There is platybasia in all the three animals studied. The clivus and the anterior skull base are in the same horizontal plane. The maxilla and the upper jaw protrude anteriorly from the cranial base. The brain size is relatively small and the olfactory nerves well developed and long, reaching to a length of about a foot in the horse. The cerebellum is proportionately large in animals as compared with the cerebral hemispheres. In humans, the angulation of the anterior skull base in relationship with the clivus is probably related to the relatively large size of the cerebral hemispheres.
The superior articular surface of the atlas (referred to as anterior articular facet in quadrupreds) and the occipital condyles are much larger, thicker, and stronger in all the three animals studied as compared with the corresponding human bones. The large occipital condyles of these animals sit deep into the cup-shaped anterior (superior) articular facets of the atlas [Figure 2],[Figure 3],[Figure 4] and form a joint that appears like a 'ginglymus or a hinge joint', providing an opportunity for extra stability and enhanced mobility as compared with the human occipitoatlantal joint. The superior facet of the atlas is much deeper in all the three animals as compared with the human superior facet, which is almost flat. The range of movements at the occipitoatlantal articulation is chiefly of extension and flexion, with a small amount of lateral oblique movements.  The total range of motion at the occipitoatlantal articulation varies between species. It is 90-105° in the quadrupedal mammals and only 11-13° in humans.  The cervical part of the vertebral column is most mobile in horses; the mouth may be brought around to reach the flank on full lateral flexion of the neck and ventrally to reach the pasture on ventral flexion. 
The atlas bone has ring-shaped anterior and posterior arches and has wide lateral platelike projections or wings of the transverse processes in all the three animals studied [Figure 2],[Figure 3],[Figure 4]. The transverse process in the human atlas is reduced to only the vertebral artery canal. The ventral (anterior) and dorsal (posterior) arches of the atlas are much thicker in the tiger, horse, and deer as compared with the humans.  The dorsal arch presents a median tubercle. It is perforated on either side near its cranial margin by the lateral vertebral foramen [Figure 2]. In these animals, the term lateral vertebral foramen is used instead of the term intervertebral foramen in the case of the atlas and axis as this foramen does not lie between the two vertebrae as the term 'inter' implies and rather lies on the dorsal arch of the atlas.  The ventral arch is thicker, narrower, and less curved than the dorsal arch. On the ventral surface is the ventral tubercle, which is more prominent in the horse and deer as compared with humans and tiger.

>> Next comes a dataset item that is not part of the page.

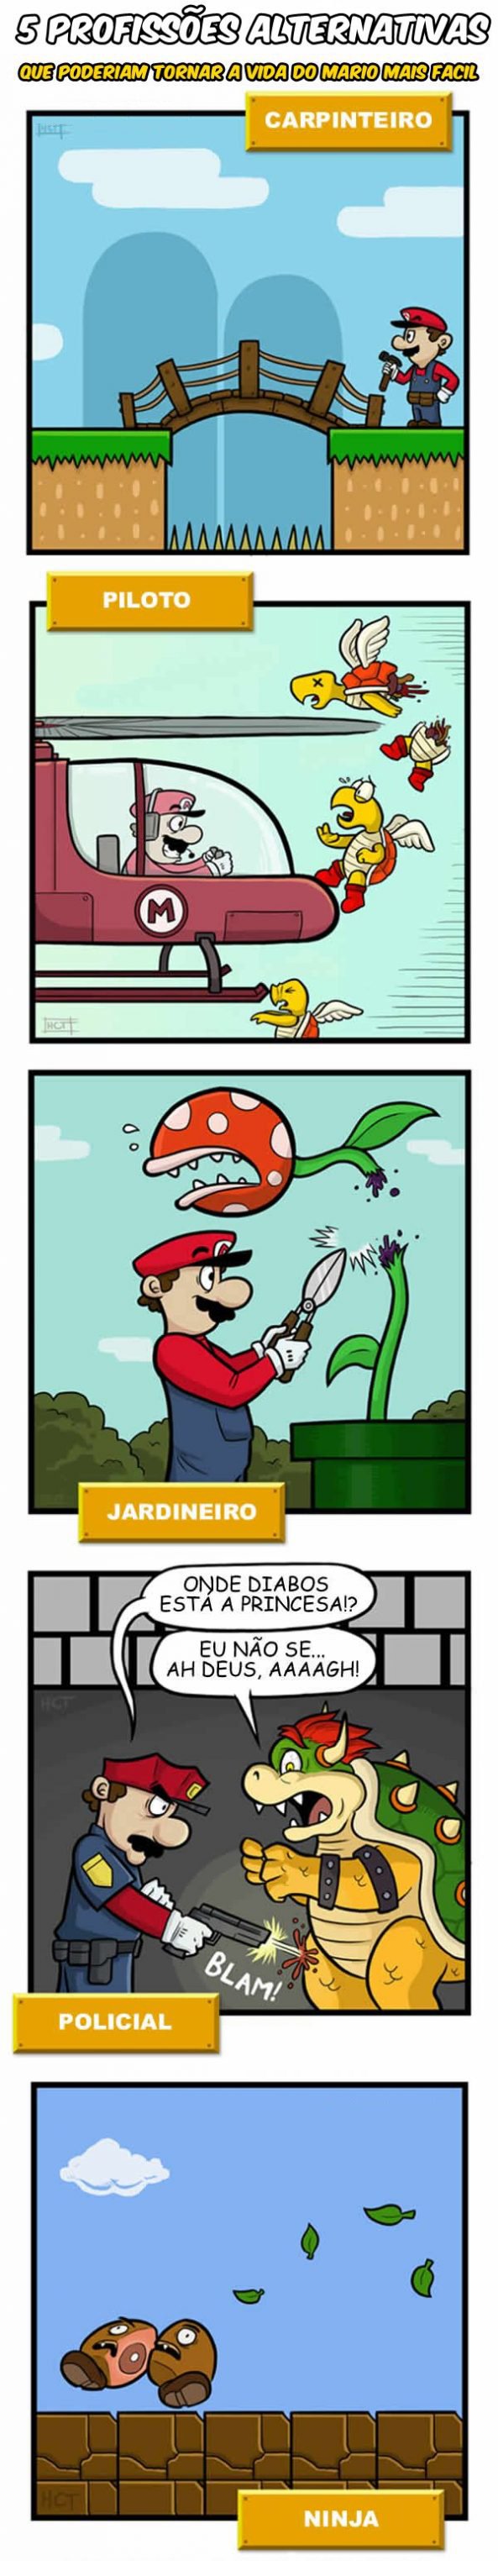 5 profissoes alternativas que poderiam tonar a vida do Mario mais facil
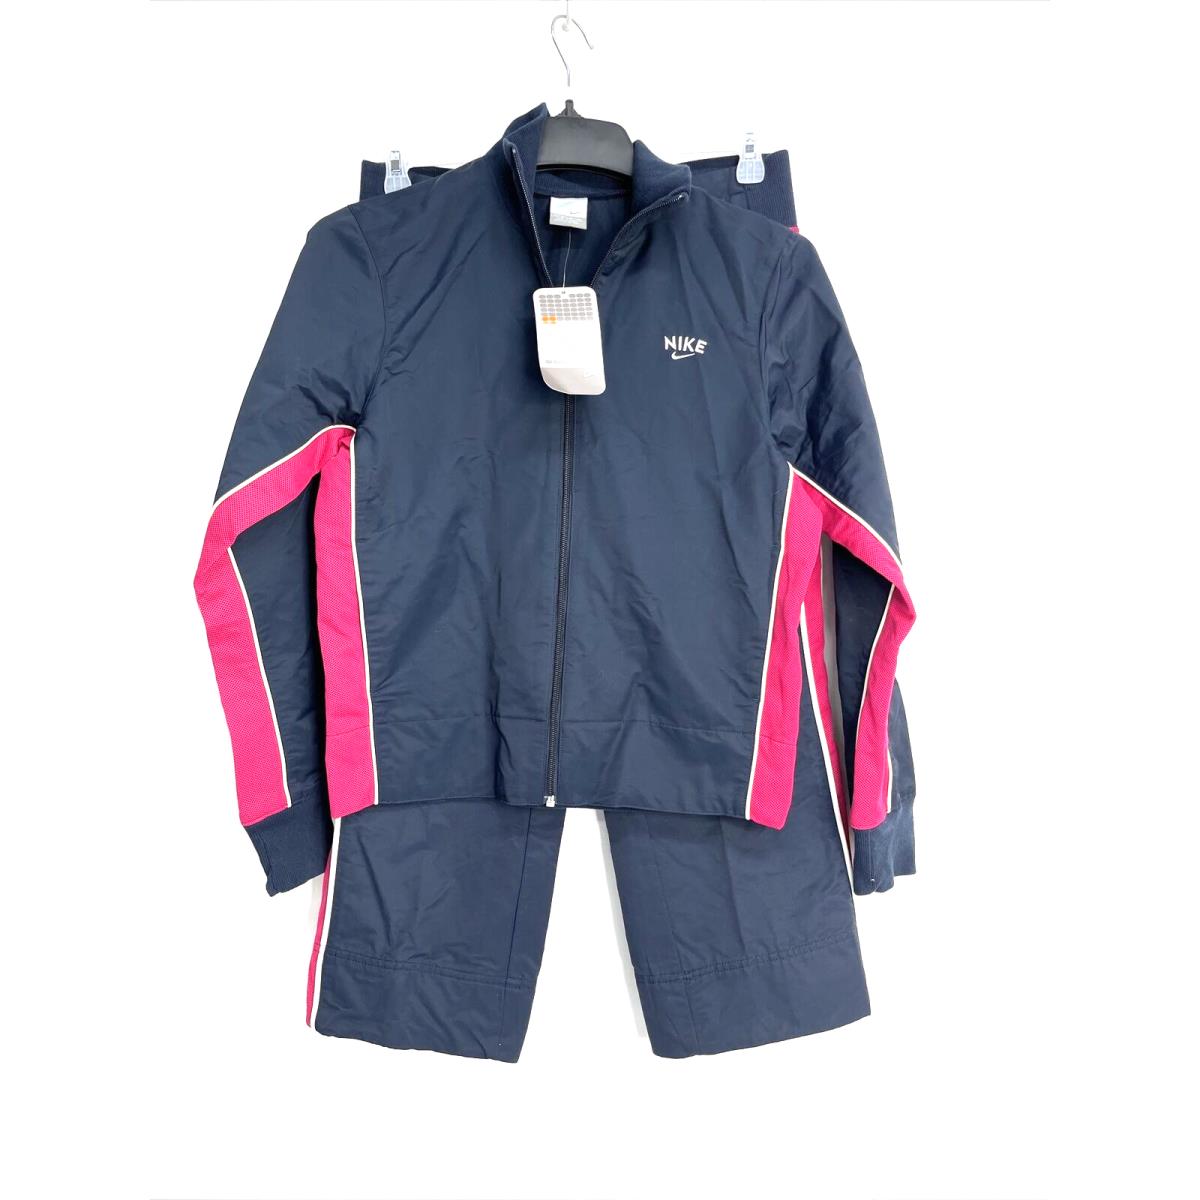 Nike Women`s Windbreaker Track Suit Size Medium 8/10 Blue/pink 2004

Although the transverse processes are large in the horse and deer as compared with humans, they are proportionately smaller in size as compared with those of the tiger. The ventral surfaces of the transverse process of the atlas in the horse and deer have a greater depth than those of a tiger, in which they are shallower but wider. Between the ventral aspect of the transverse process and the lateral mass is a depression called the atlantal fossa. In horses, each wing is perforated by two foramina: the cranial one is the alar foramen, which connects with the lateral vertebral foramen by a short groove; and the caudal one is the transverse foramen [Figure 2]. In tigers, there is a lateral vertebral foramen for the first cervical nerve close to the cranial border of the dorsal arch. The alar foramen is replaced by a notch in the cranial border of the wing that transmits the ventral branch of the first cervical nerve. The base of the wing is perforated by the transverse foramen. While the human transverse process is horizontally oriented (transverse), it is vertically aligned in the animals studied.
The articular surface of the superior facet of the atlas accounts for roughly 75% of the entire ring of the atlas as compared with less than 40% in the atlas of humans. The joint surfaces are separated by a wide notch dorsally and a narrow one ventrally. The atlantodental joint is remarkably prominent in the horse and deer, providing articulation to the large and C-shaped odontoid process in these herbivorous animals [Figure 2] and [Figure 3]. The inferior articular surfaces (referred to as posterior articular surface in quadrupeds) of the lateral mass of the atlas are confluent anteriorly with the joint surface on the posterior arch of the atlas to form a saddle-shaped articular surface.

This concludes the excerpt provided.